# Word Cloud Generation from Text Data using PySpark

This notebook demonstrates the process of generating a word cloud from text data, leveraging the capabilities of PySpark and Python libraries. The workflow includes the following key steps:

1. **Initialization**: Importing necessary libraries and initializing a Spark session for distributed data processing.
2. **Data Processing**: Reading text data into a Spark DataFrame, converting it to an RDD, and performing text processing to count word frequencies.
3. **Data Exploration and Cleaning**: Exploring the word frequencies, removing specific unwanted words, and cleaning the dataset for better visualization.
4. **Preparation for Visualization**: Filtering and preparing the word frequency data to be suitable for generating a word cloud.
5. **Word Cloud Visualization**: Creating a visual representation of word frequencies to highlight the most prominent words in the text data.



In [None]:
from pyspark.sql import SparkSession
from wordcloud import WordCloud
import matplotlib.pyplot as plt
from collections import Counter

In [None]:
# Initialize Spark session
spark = SparkSession.builder.appName("word_cloud").getOrCreate()

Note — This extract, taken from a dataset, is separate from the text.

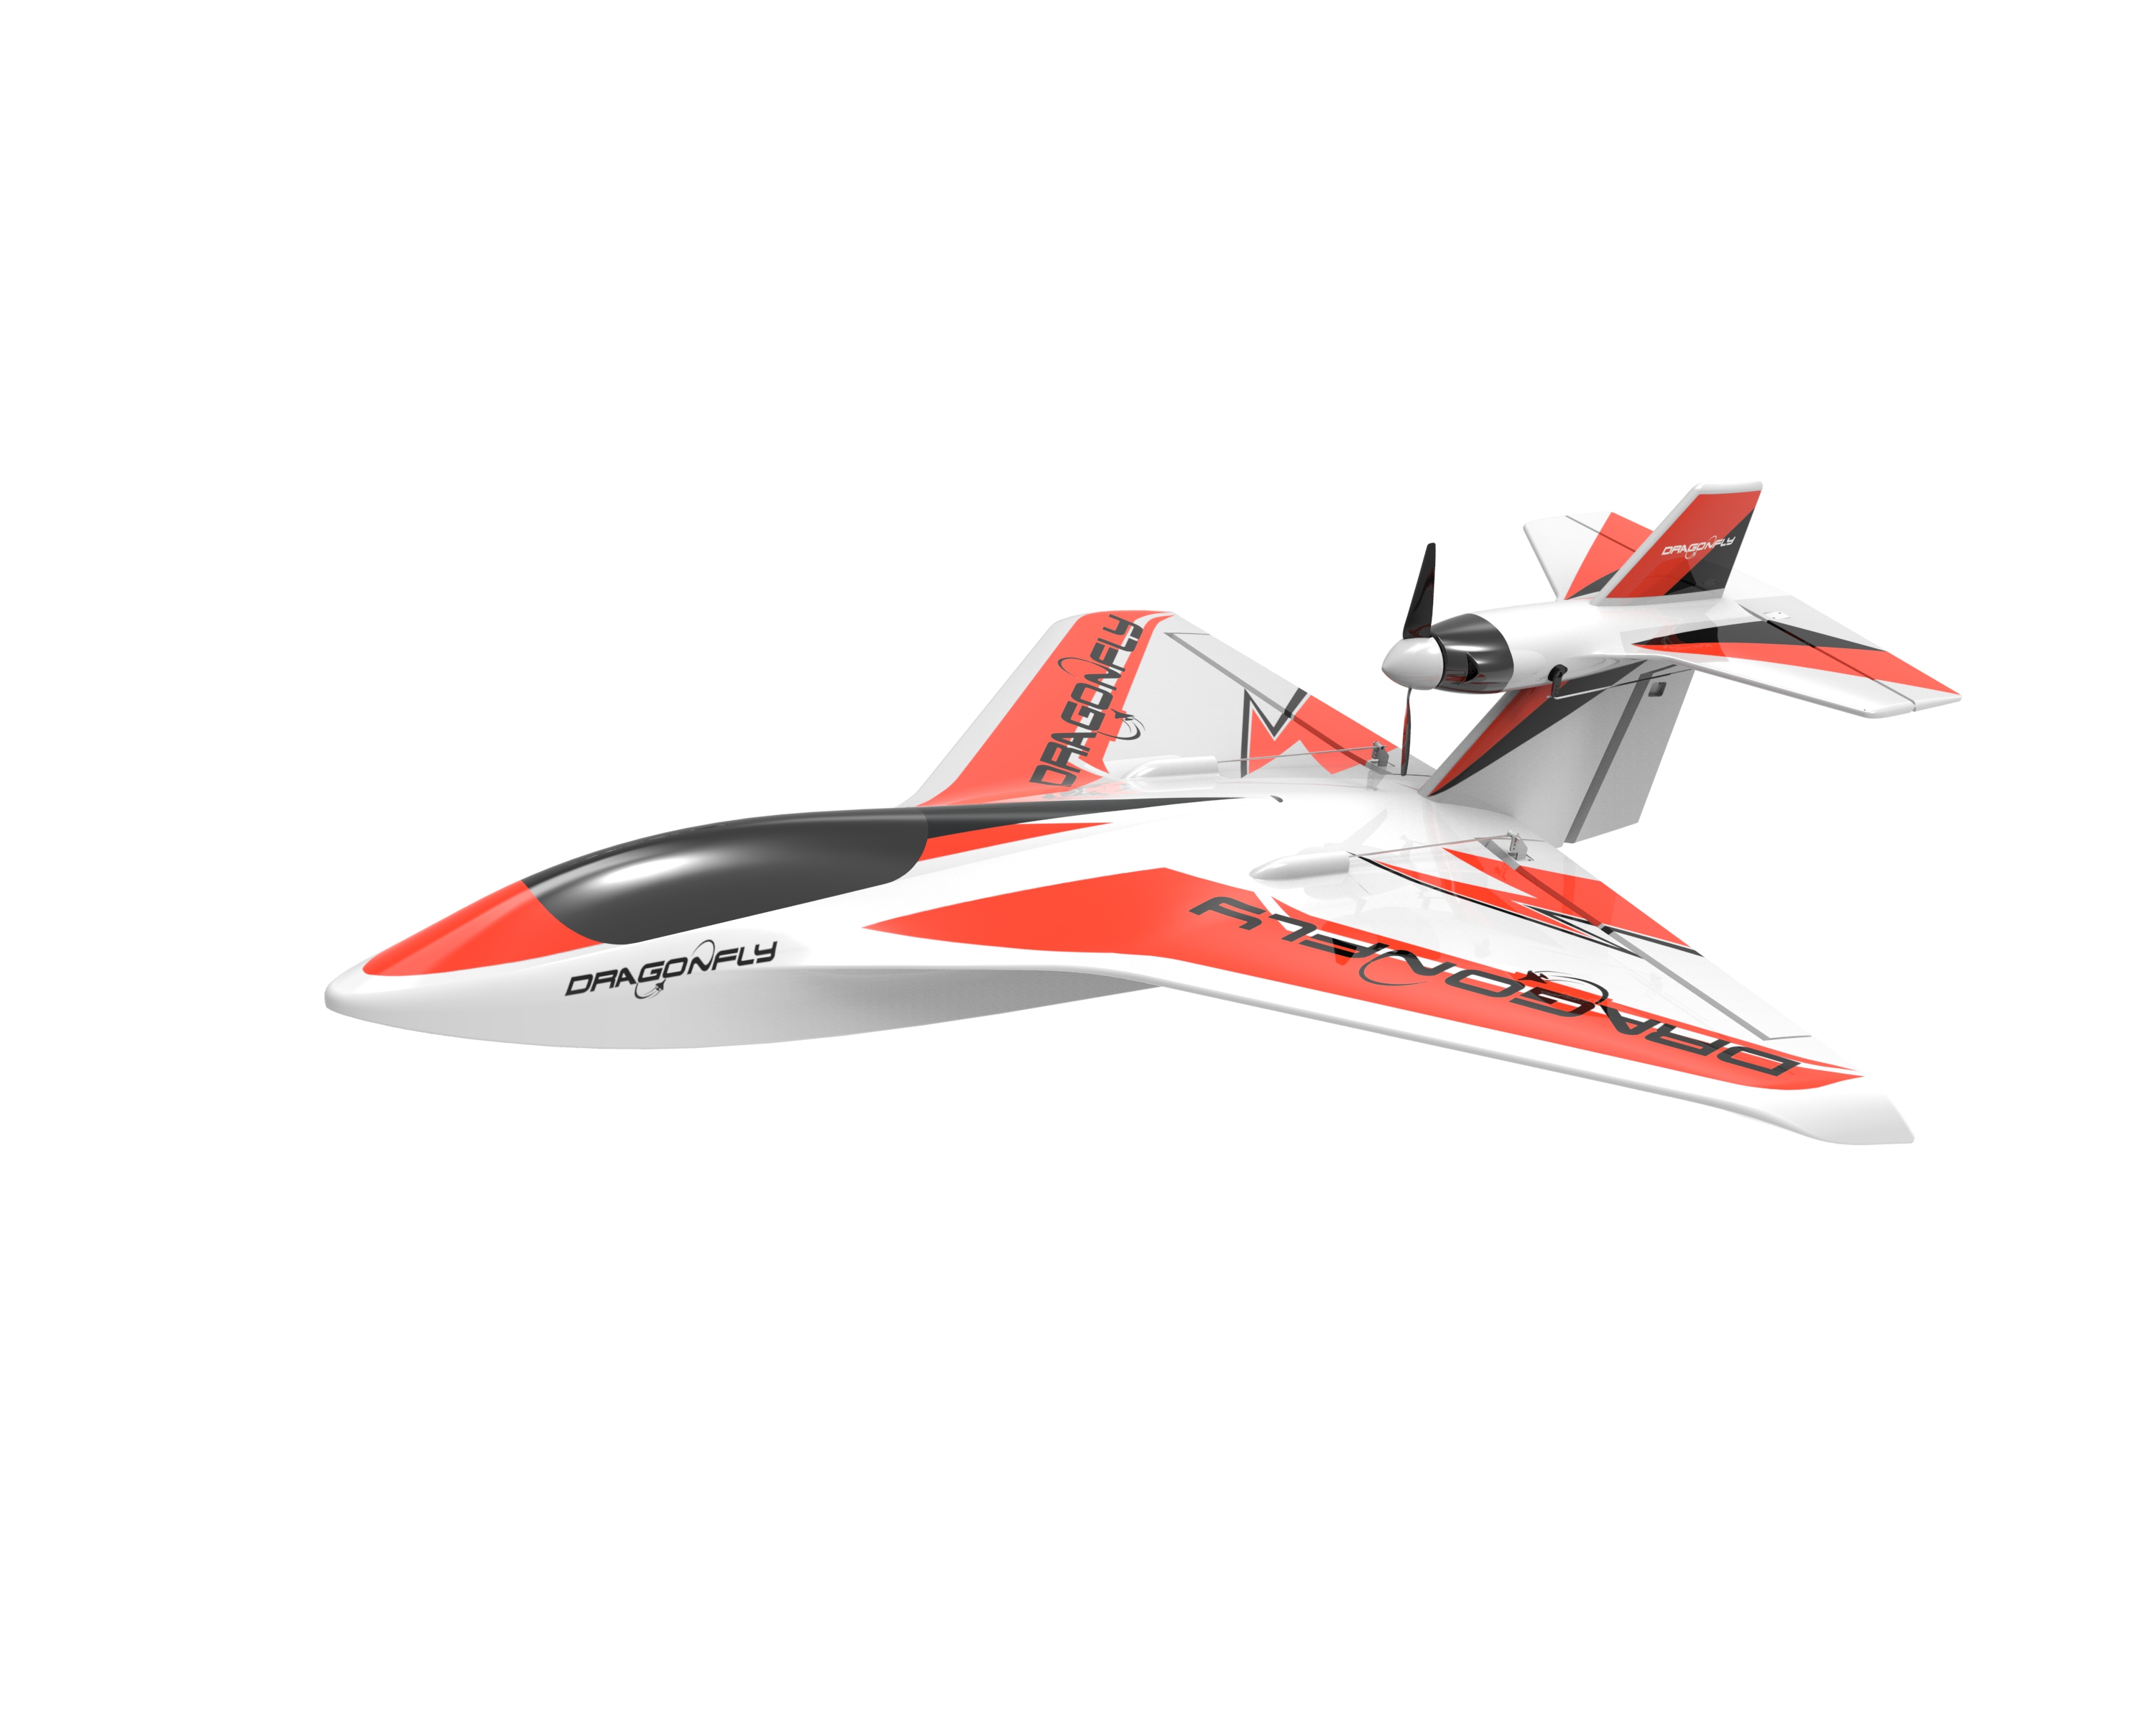 Dragonfly Seaplane V3 ATL Sport Model All Terrain Launching R/C Brushless Airplane

# Load the CSV file into a Spark DataFrame
csv_file_path = 'combinedFiles/all_data.csv'
df = spark.read.csv(csv_file_path, header=True, inferSchema=True)

In [None]:

text_rdd = df.select("text_signature").rdd.flatMap(lambda x: x[0].split(" ") if x[0] is not None else [])

In [None]:
# Count the occurrences of each unique word
word_frequencies = text_rdd.countByValue()

In [None]:
len(word_frequencies)

In [None]:
for key, value in word_frequencies.items():
    print(f"{key}: {value}")

In [None]:
sorted_dict = dict(sorted(word_frequencies.items(), key=lambda x: x[1], reverse=True))

In [None]:
import csv

# Specify your CSV file name
csv_file = 'sorted_word_freq.csv'

# Write to CSV
with open(csv_file, mode='w', newline='', encoding='utf-8') as file:
    writer = csv.writer(file)
    # Write the header
    writer.writerow(['Key', 'Value'])

    # Write the dictionary data
    for key, value in sorted_dict.items():
        writer.writerow([key, value])

print(f"Sorted items written to {csv_file}")

In [None]:
keys_to_delete = ['transfer', 'unknown', '_SIMONdotBLACK_', 'setApprovalForAll', 'multicall', 'sendMultiSig']

In [None]:
for key in keys_to_delete:
    print(key, sorted_dict[key])

In [None]:
for key in keys_to_delete:
    del sorted_dict[key]

In [None]:
# Filter dictionary and leve only those key/value pairs that have value > 100
filtered_dict = {key: value for key, value in sorted_dict.items() if value > 1000}

In [None]:
len(filtered_dict)

In [None]:
# Convert the word frequencies to a format suitable for WordCloud
wordcloud = WordCloud(width=800, height=400, background_color='white').generate_from_frequencies(filtered_dict)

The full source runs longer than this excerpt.